MATERIAL PROVIDED:
--*--

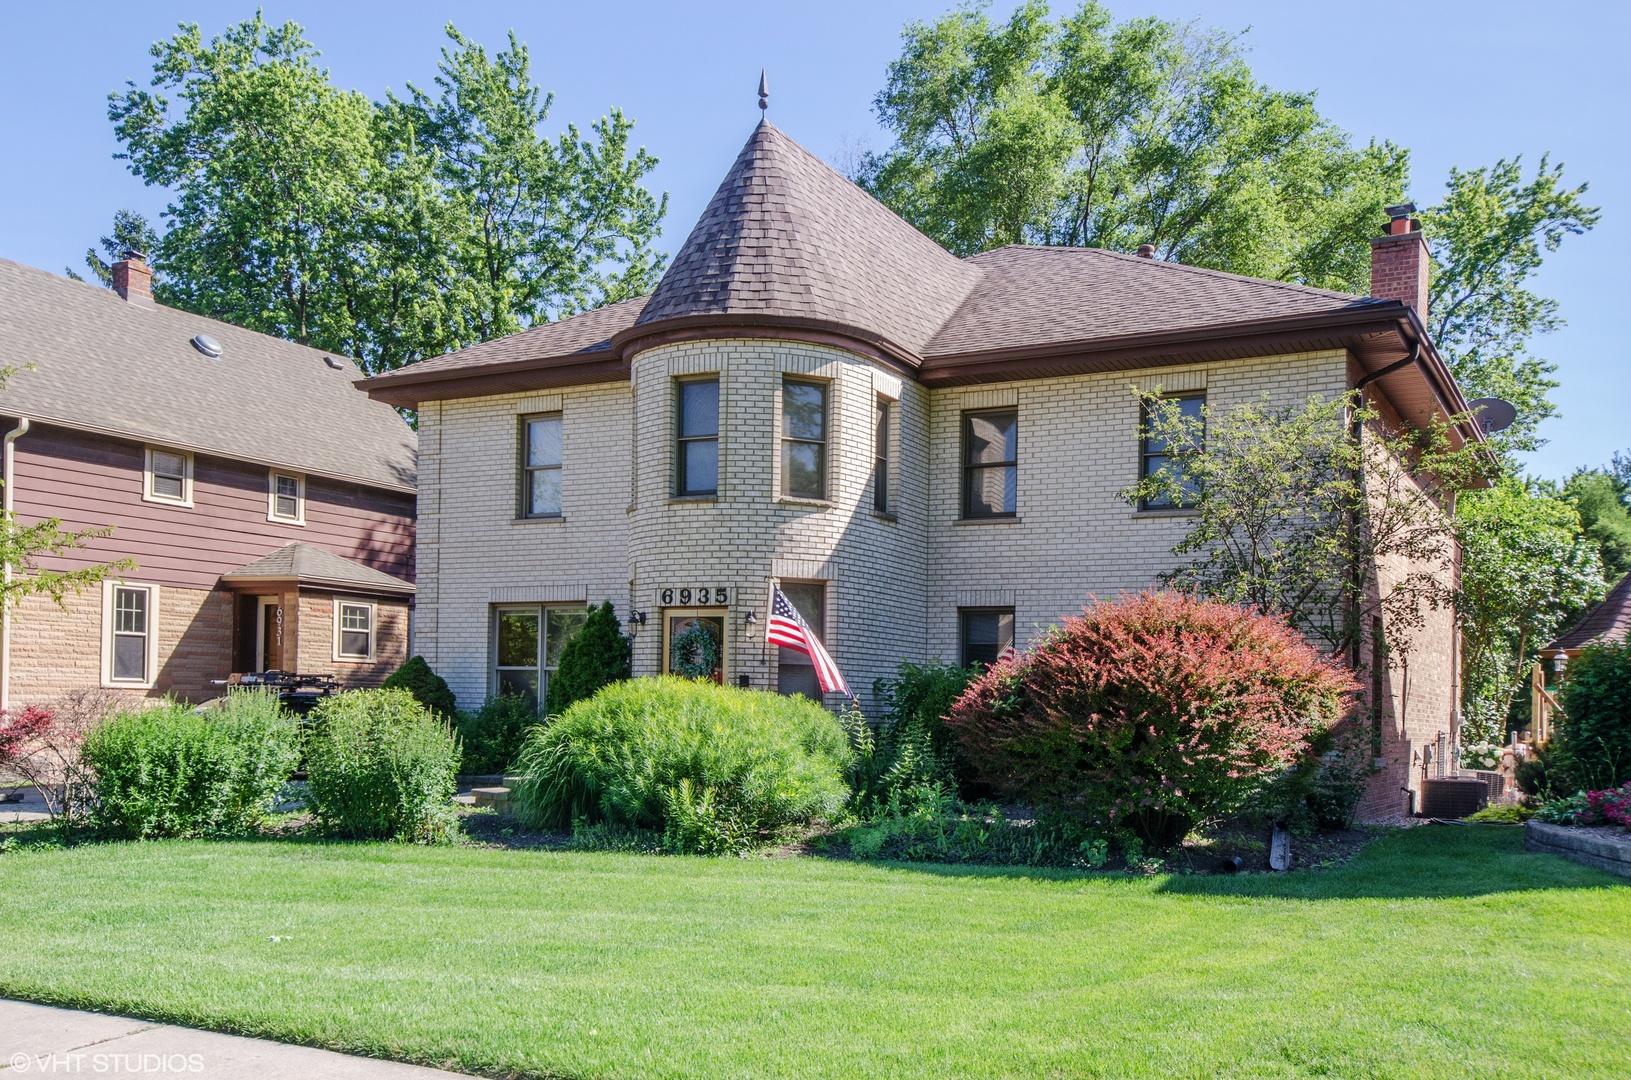 6935 West Hobart Avenue, Chicago-Edison Park, Illinois
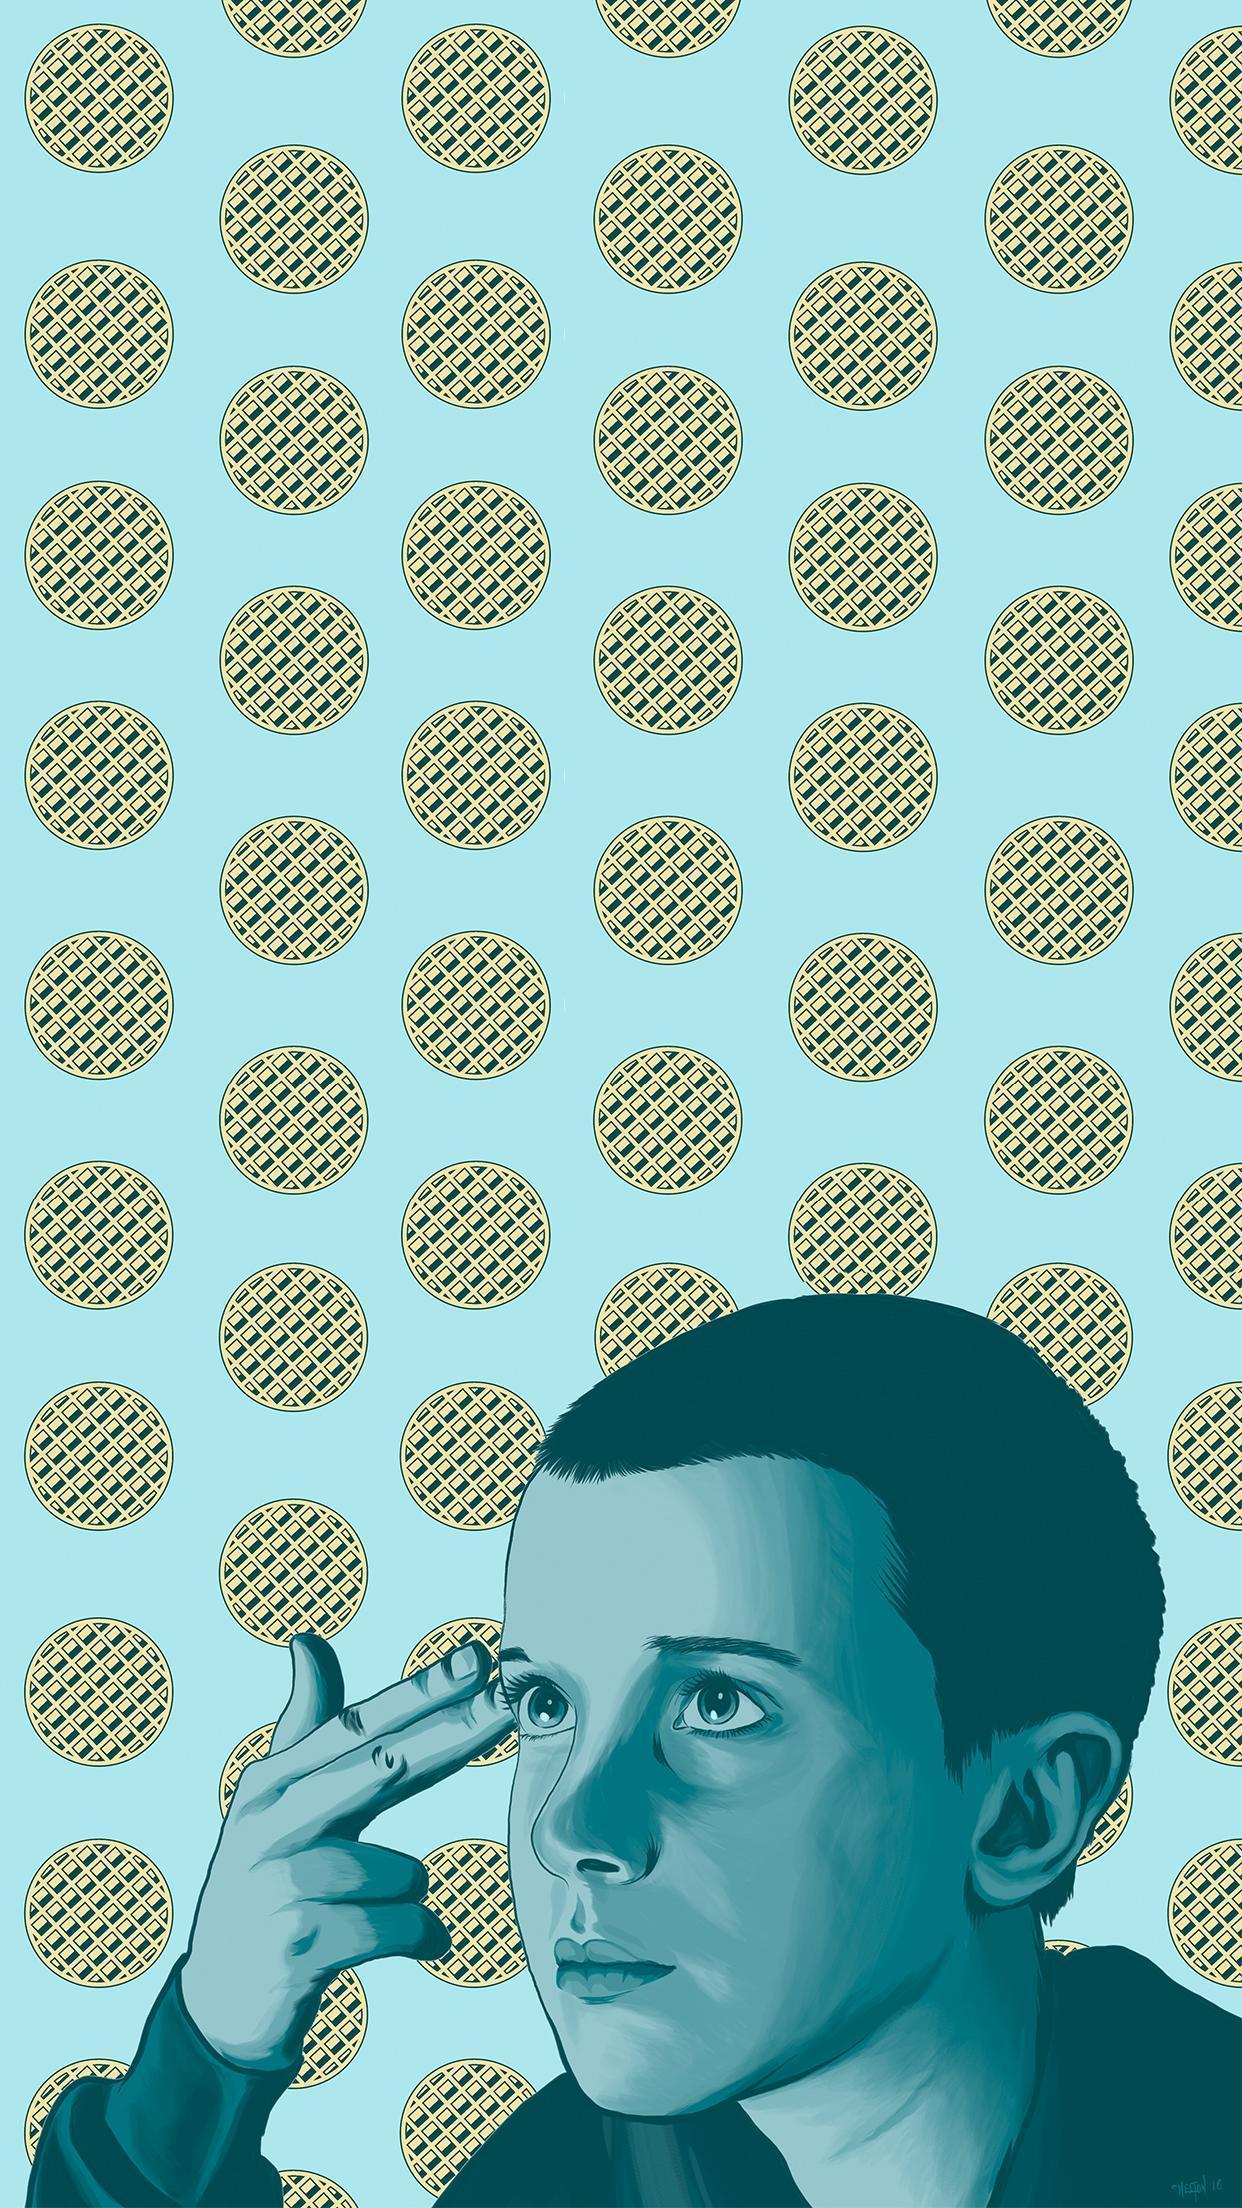 Stranger Things Wallpapers - Wallpaper Cave
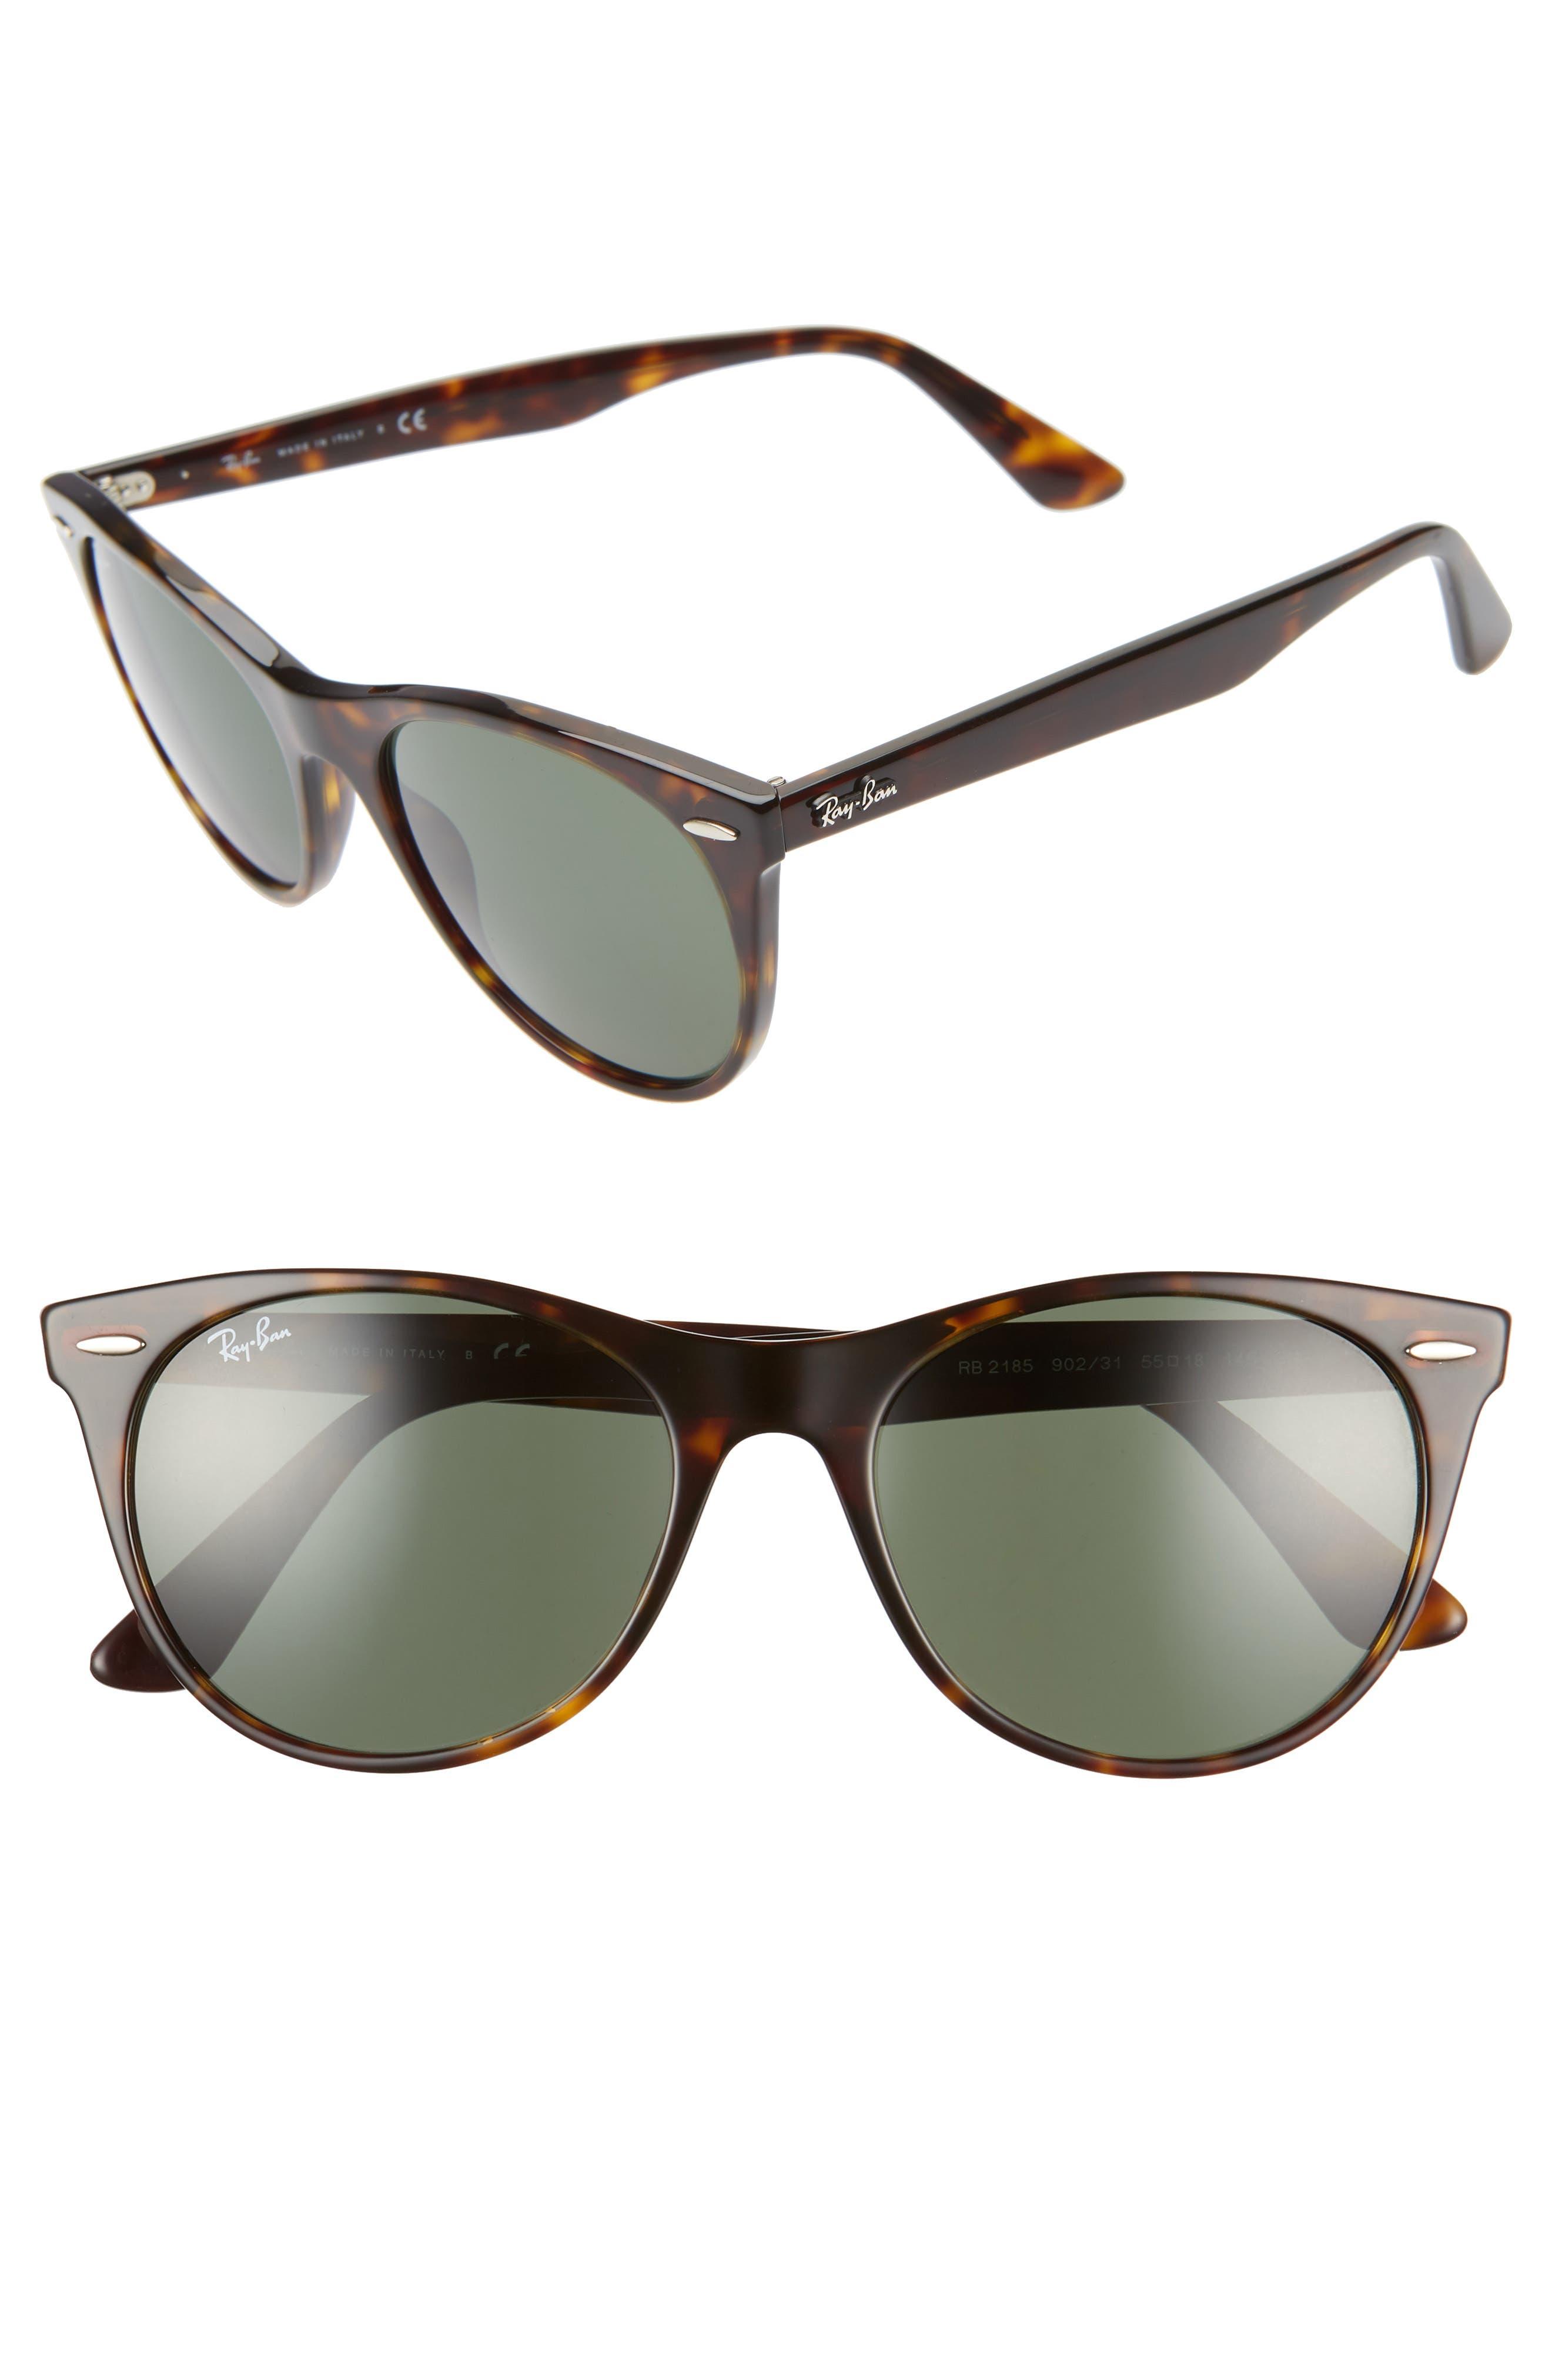 Ray-Ban 55Mm Round Wayfarer Sunglasses - Havana Solid
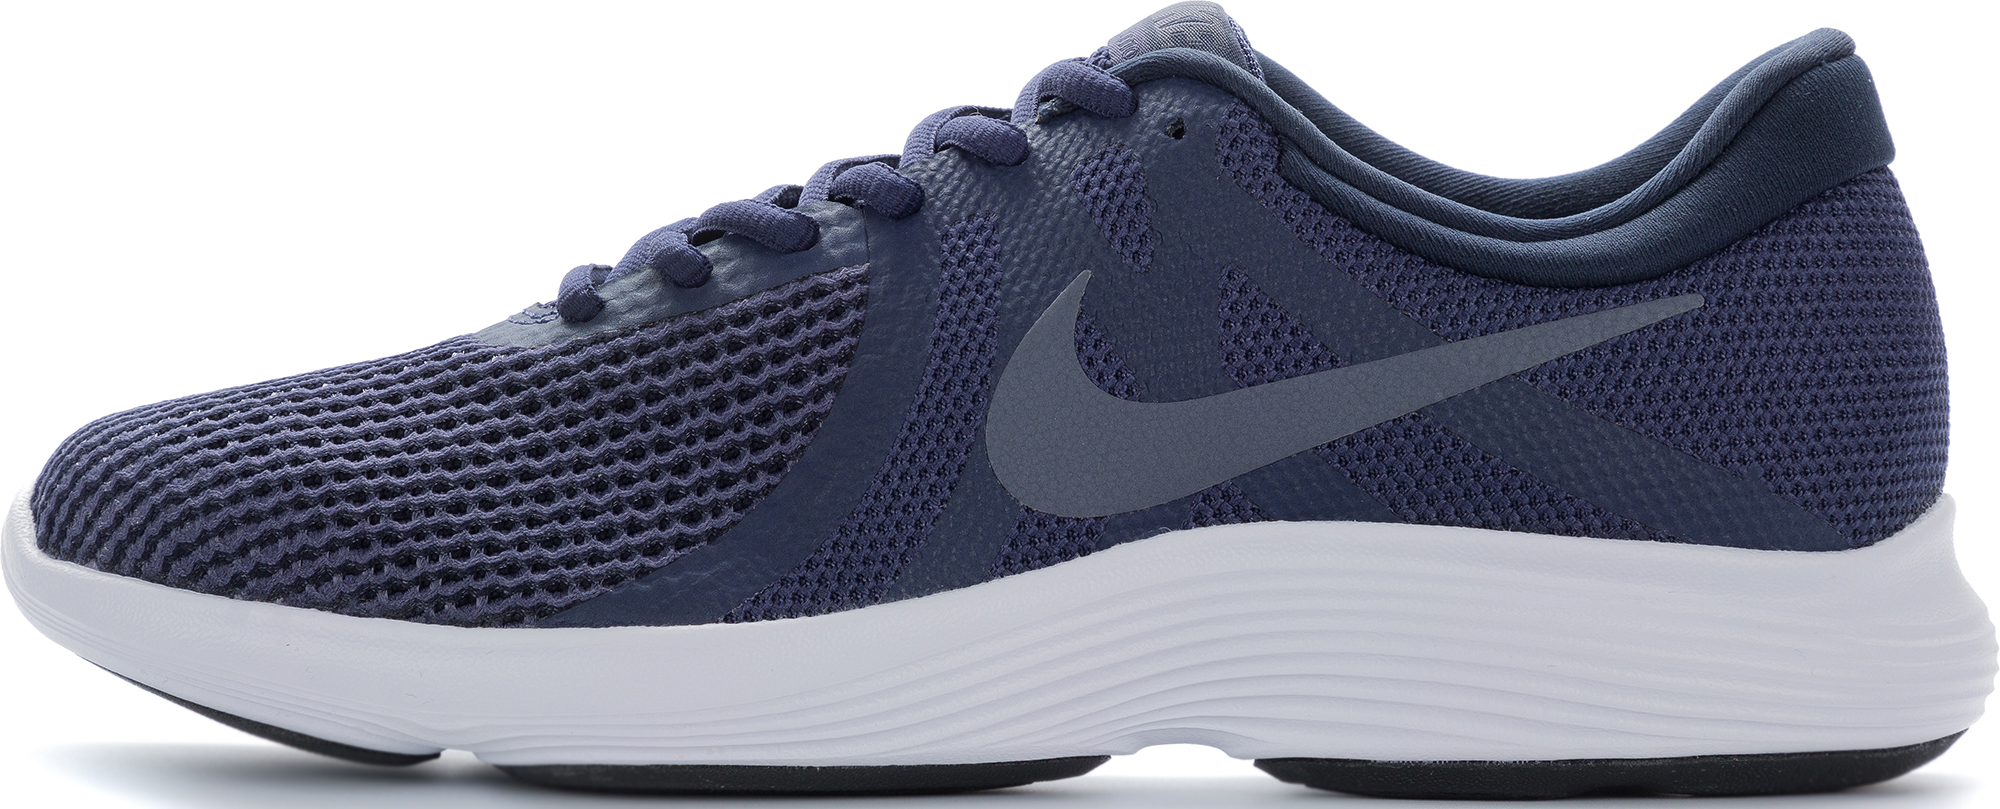 Nike Кроссовки мужские Nike Revolution 4, размер 44 nike боксерки мужские nike machomai размер 44

--*--

ASSIGNED TASK:
With the pictures removed, write the listing out word for word.

COMPLETED EXERCISE:
 6935 West Hobart Avenue, Chicago-Edison Park, Illinois
 Stranger Things Wallpapers - Wallpaper Cave
 Ray-Ban 55Mm Round Wayfarer Sunglasses - Havana Solid
 Nike Кроссовки мужские Nike Revolution 4, размер 44 nike боксерки мужские nike machomai размер 44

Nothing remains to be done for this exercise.